+++ Task input

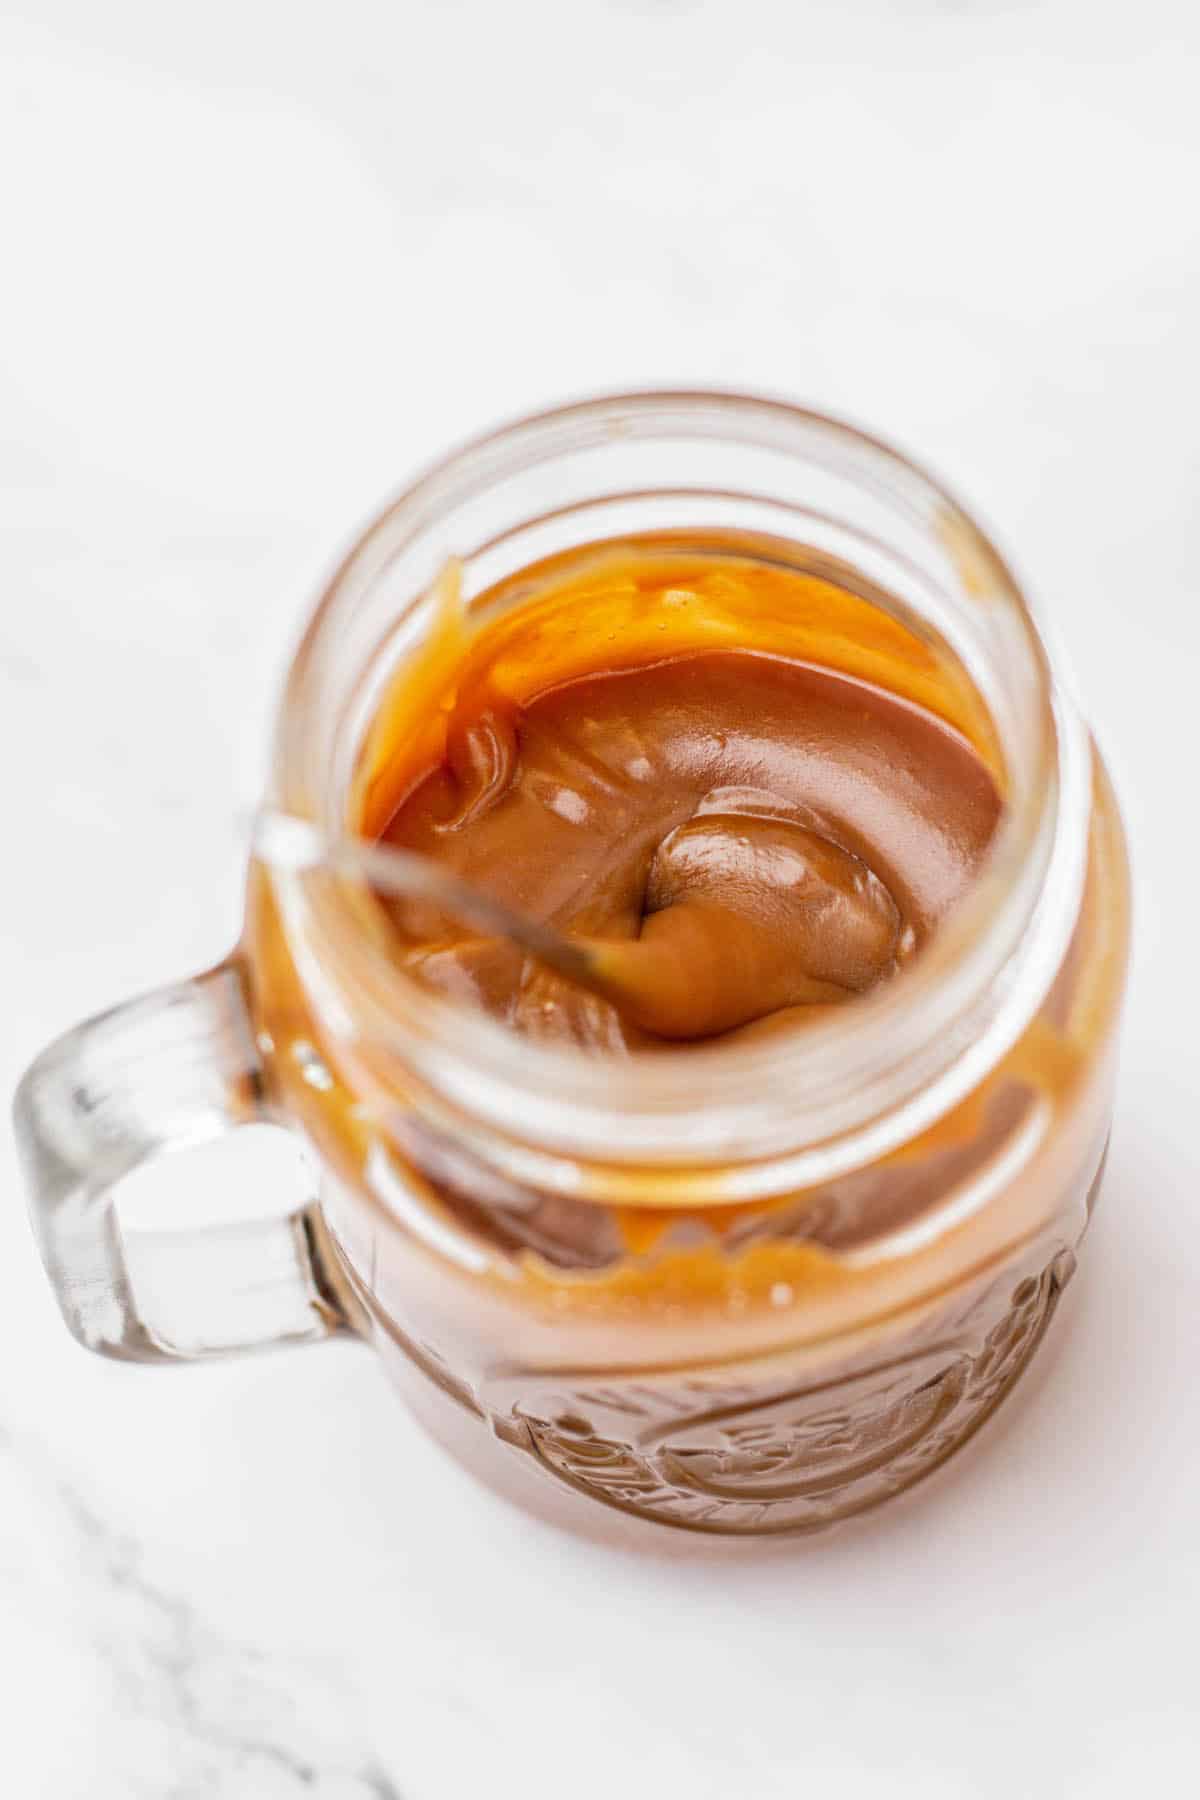 sticky caramel in a jar.
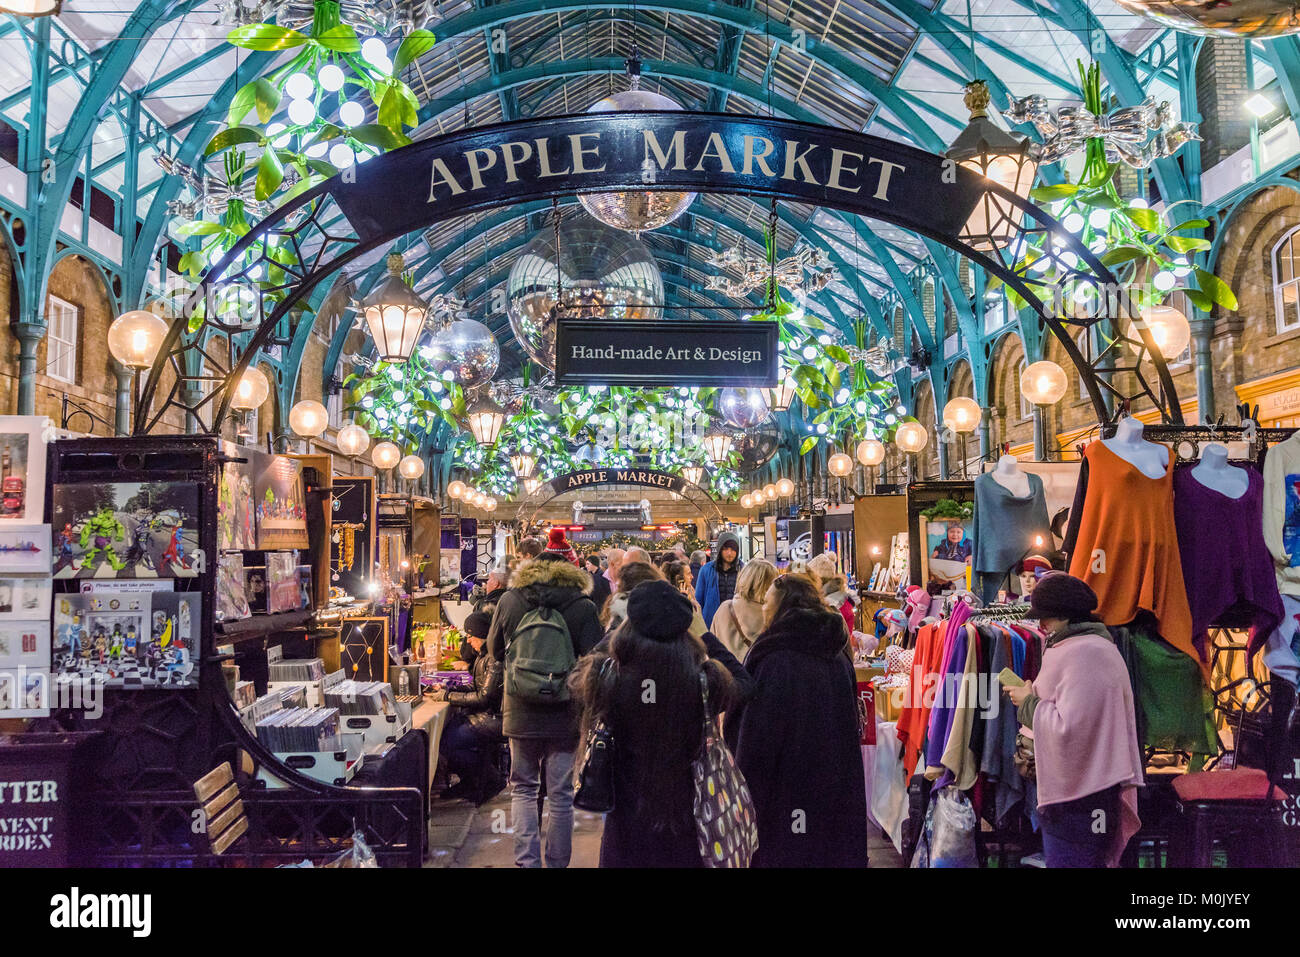 LONDON, Regno Unito - 06 dicembre: Questo è il mercato delle mele che è un mercato popolare di arte e oggetti di design in Covent Garden area su dicembre 06, 20 Foto Stock
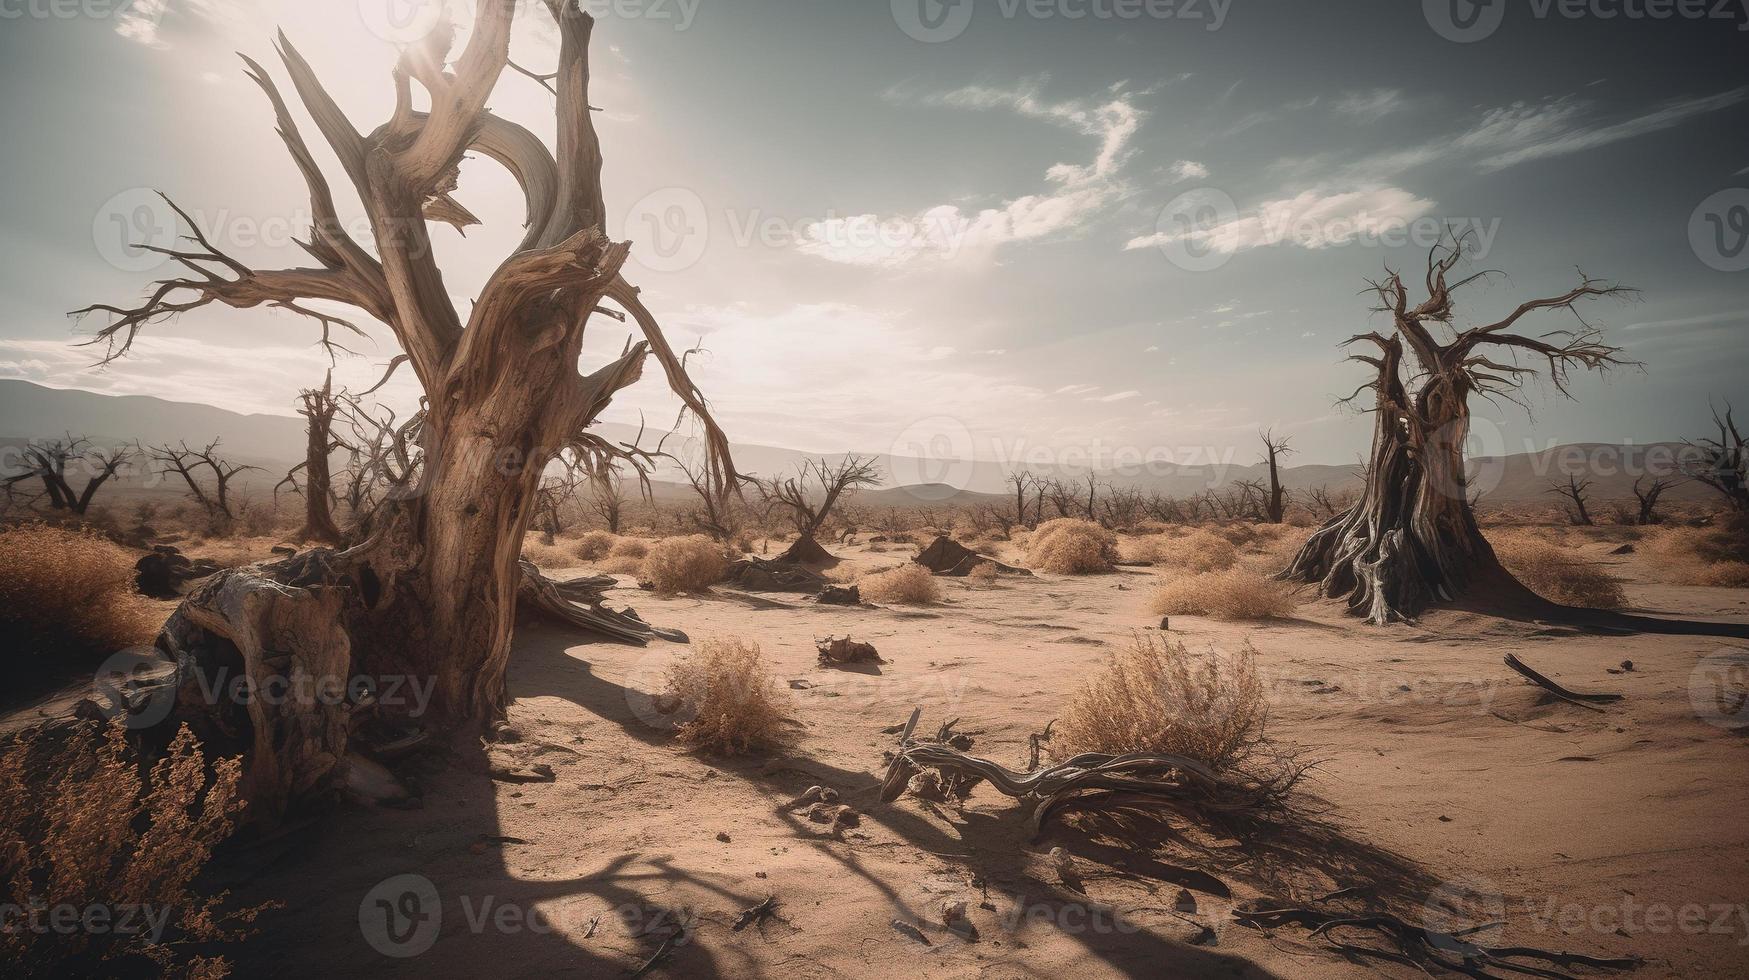 mort des arbres dans le namib désert, namibie, Afrique photo
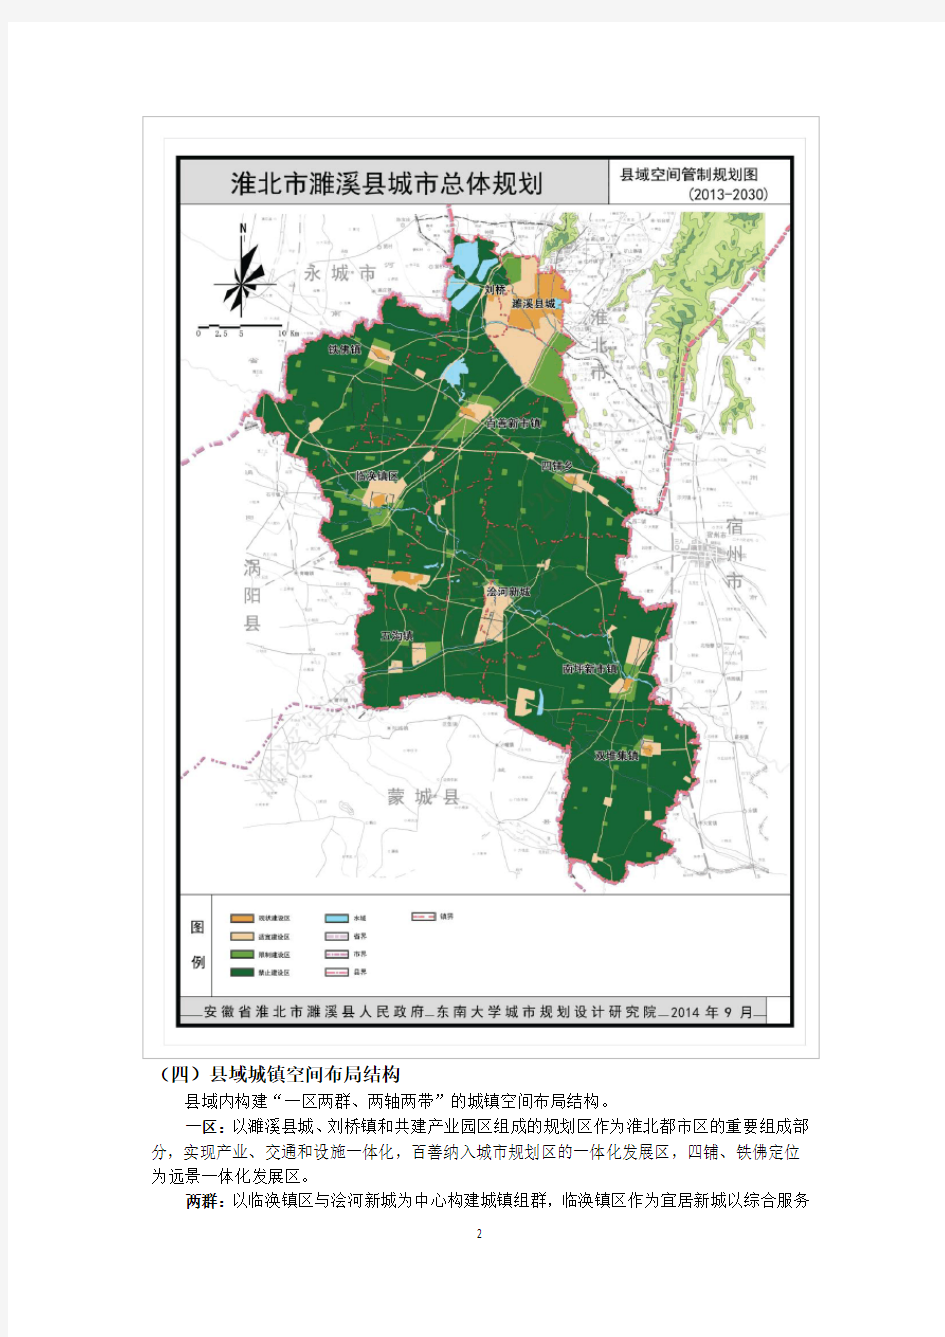 濉溪县城市总体规划(2013-2030)公示
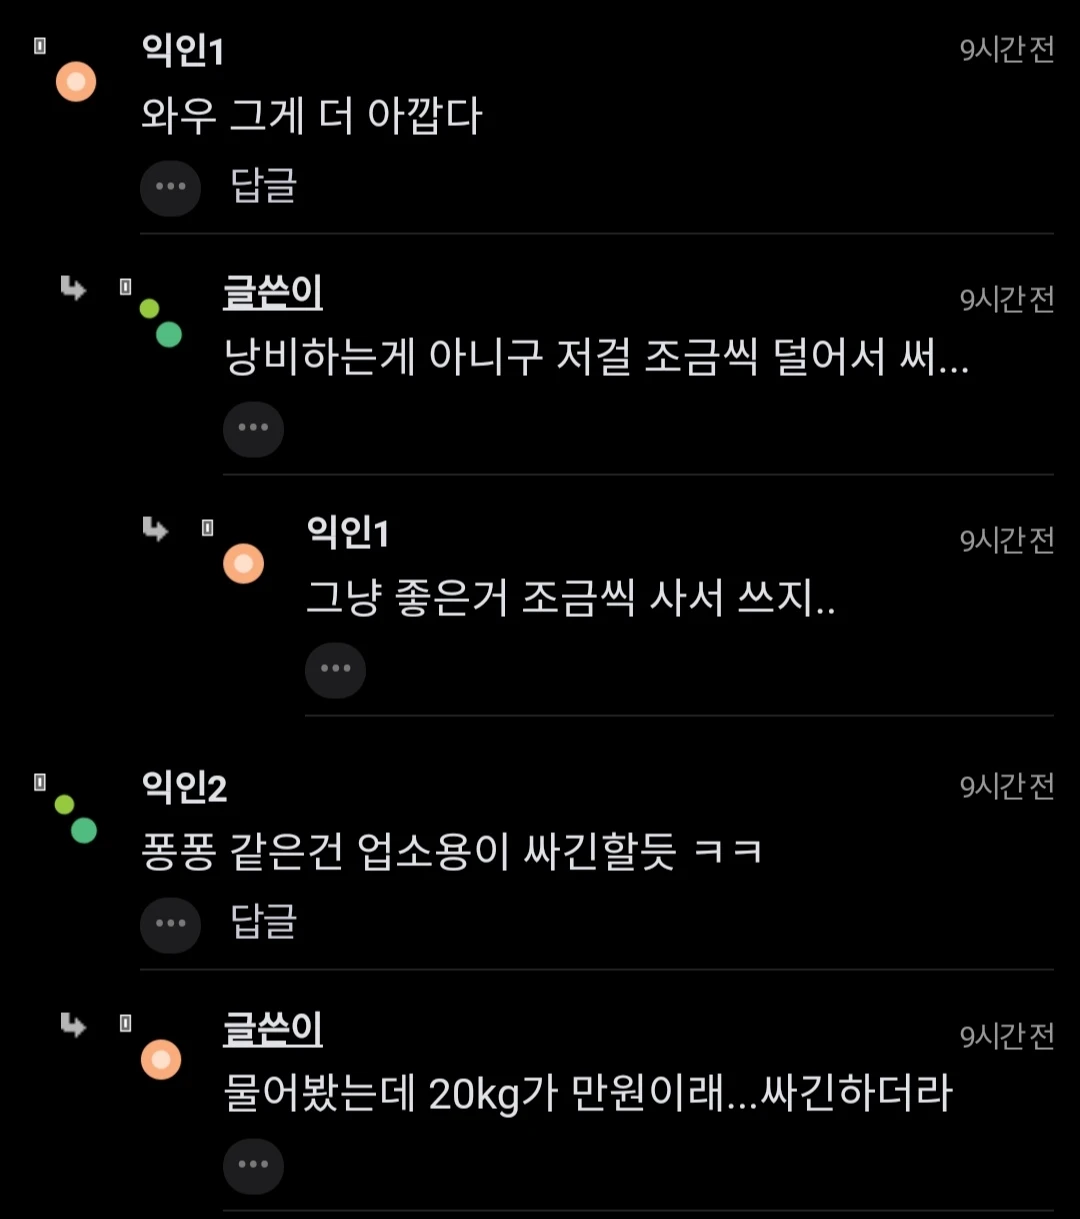 ""남친이 가성비에 미쳤음... 충격이다"".jpg

++++++

■ Try it: Could the listing above be printed again in full, with every picture omitted?

■ Output below:
 sticky caramel in a jar.
 LONDON, Regno Unito - 06 dicembre: Questo è il mercato delle mele che è un mercato popolare di arte e oggetti di design in Covent Garden area su dicembre 06, 20 Foto Stock
 mort des arbres dans le namib désert, namibie, Afrique photo
 濉溪县城市总体规划(2013-2030)公示
 ""남친이 가성비에 미쳤음... 충격이다"".jpg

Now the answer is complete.